Subheading 9802.00.8044, HTSUS, provides as follows:
Articles…assembled abroad in whole or in part of fabricated components, the product of the United States, which (a) were exported in condition ready for assembly without further fabrication, (b) have not lost their physical identity in such articles by change inform, shape, or otherwise, and (c) have not been advanced in value or improved in condition abroad except by being assembled and except by operations incidental to the assembly process, such as cleaning, lubricating and painting.
U.S. Note 7(b)(i), Subchapter II, Chapter 98, HTSUS, as recently amended by Presidential Proclamation 7626, provides that:
For purposes of heading 9802.00.80, duty-free treatment shall be accorded to the following articles imported directly from a beneficiary United States-Caribbean Basin Trade Partnership Act (CBTPA) country previously designated by the President in a proclamation issued pursuant to such Act and enumerated in general note 17(a) to the tariff schedule—
(i) apparel articles sewn or otherwise assembled in one or more such beneficiary countries from fabrics wholly formed and cut, or from components knit –to-shape, in the United States, from yarns wholly formed in the United States (including fabrics not formed from yarns, if such fabrics are classifiable under heading 5602 or 5603 of chapter 56 and are wholly formed and cut in the United States);
Presidential Proclamation 7626 added the words in bold above. This amendment was effective with respect to goods entered, or withdrawn from warehouse for consumption, on or after August 6, 2002.
The purpose of this 2002 amendment was to expand this provision to encompass garments made from components knit-to-shape in the United States.
U.S. Note 3(d), subchapter XX, HTSUS, provides that:
For purposes of U.S. note 7(i) to subchapter II of this chapter and subheadings 9820.11.03, 9820.11.06, and 9820.11.18, an article otherwise eligible for preferential treatment under such subheadings shall not be ineligible for such treatment because the article contains nylon filament yarn (other than elastomeric yarn) classifiable under subheading 5402.10.30, 5402.10.60, 5402.31.30, 5402.31.60, 5402.32.30, 5402.32.60, 5402.41.10, 5401.41.90, 5402.51.00 or 5402.61.00 of the tariff schedule that entered free of duty as a product of Israel under the terms of general note 8 to the tariff schedule or as a good of Canada or a good of Mexico under the terms of general note 12 to the tariff schedule.
The exception for nylon filament yarn from Israel set forth in U.S. Note 3(d), subchapter XX, HTSUS, applies to the subheading 9802.00.8044 provision.

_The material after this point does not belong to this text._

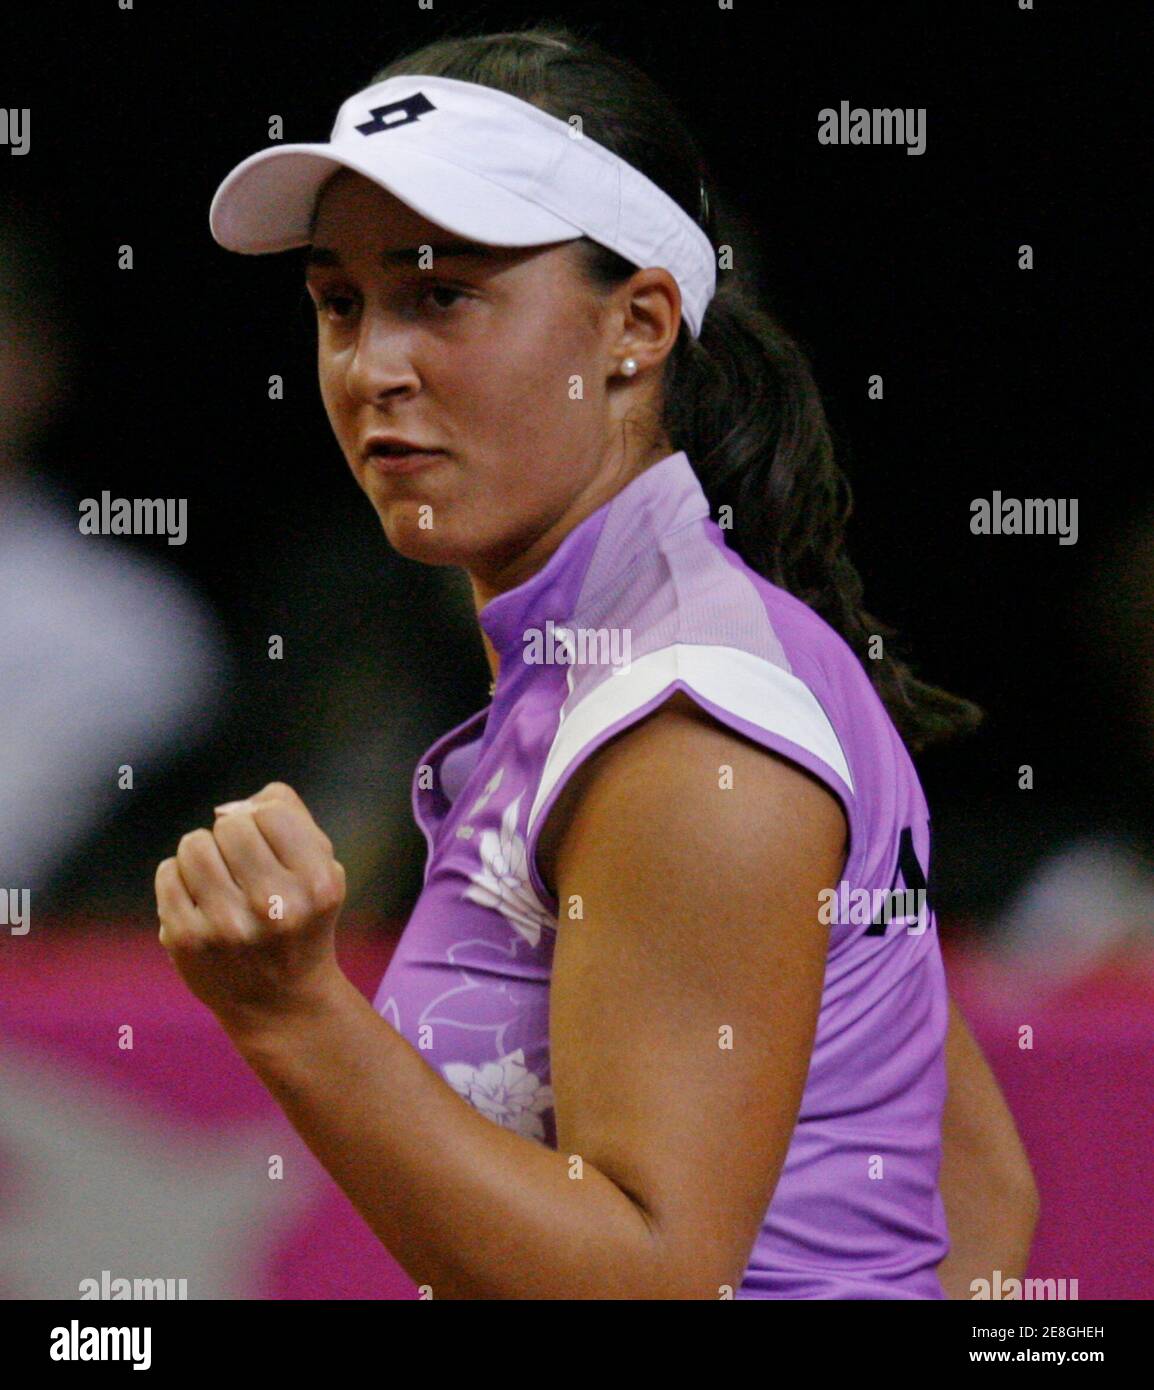 Austria's Tamira Paszek reacts during Fed Cup tennis match against Australia's Samantha Stosur in Dornbirn April 21, 2007. REUTERS/Miro Kuzmanovic (AUSTRIA) Stock Photo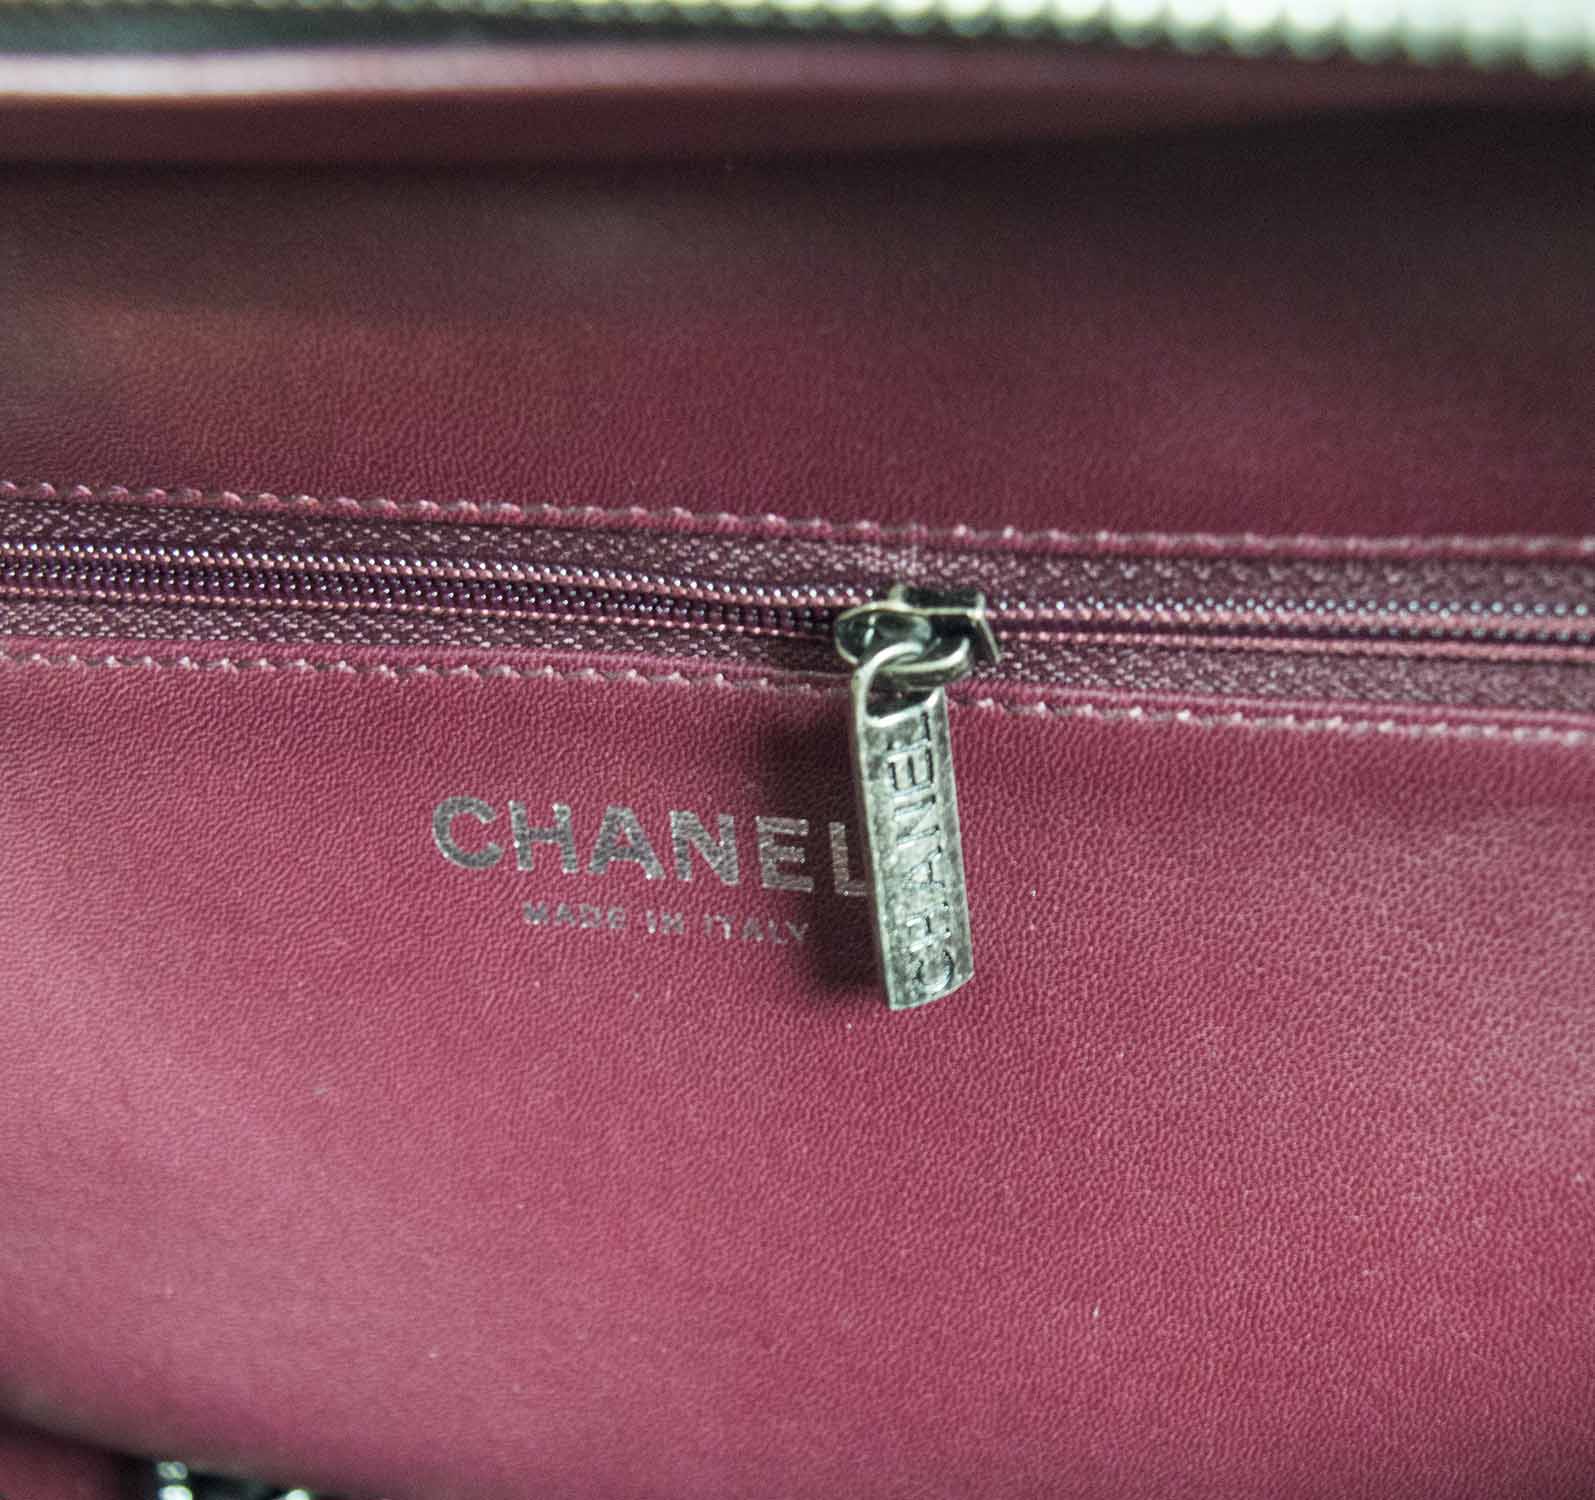 chanel tag inside bag

Based on the facts presented, the yarns used by Georgia Narrow Fabrics are not wholly formed in the United States as required in subheading 9802.00.8044, HTSUS. We are unable to determine based on the documents presented which of the listed entries are made of the yarns used by Georgia Narrow Fabrics. Therefore, we are assuming that all of the entries contain narrow fabric made of yarns from Malaysia and Thailand. Further, there was no information presented regarding the cutting of the components. Accordingly, these entries are not eligible for preferential treatment under subheading 9802.00.8044, HTSUS.
HOLDING:
Based on the facts presented above, the protest should be denied in full.
In accordance with Section 3A(11)(b) of Customs Directive 099 3550-065, dated August 4, 1993, Subject: Revised Protest Directive, you are to mail this decision, together with the Customs Form 19, to the protestant no later than 60 days from the date of this letter. Any reliquidation of the entry or entries in accordance with the decision should be accomplished prior to mailing of this decision. Sixty days from the date of this decision, the Office of Regulations and Rulings will make the decision available to Customs personnel, and to the public on the Customs Home Page on the World Wide Web at www.customs.gov, by means of the Freedom of Information Act, and other methods of public distribution.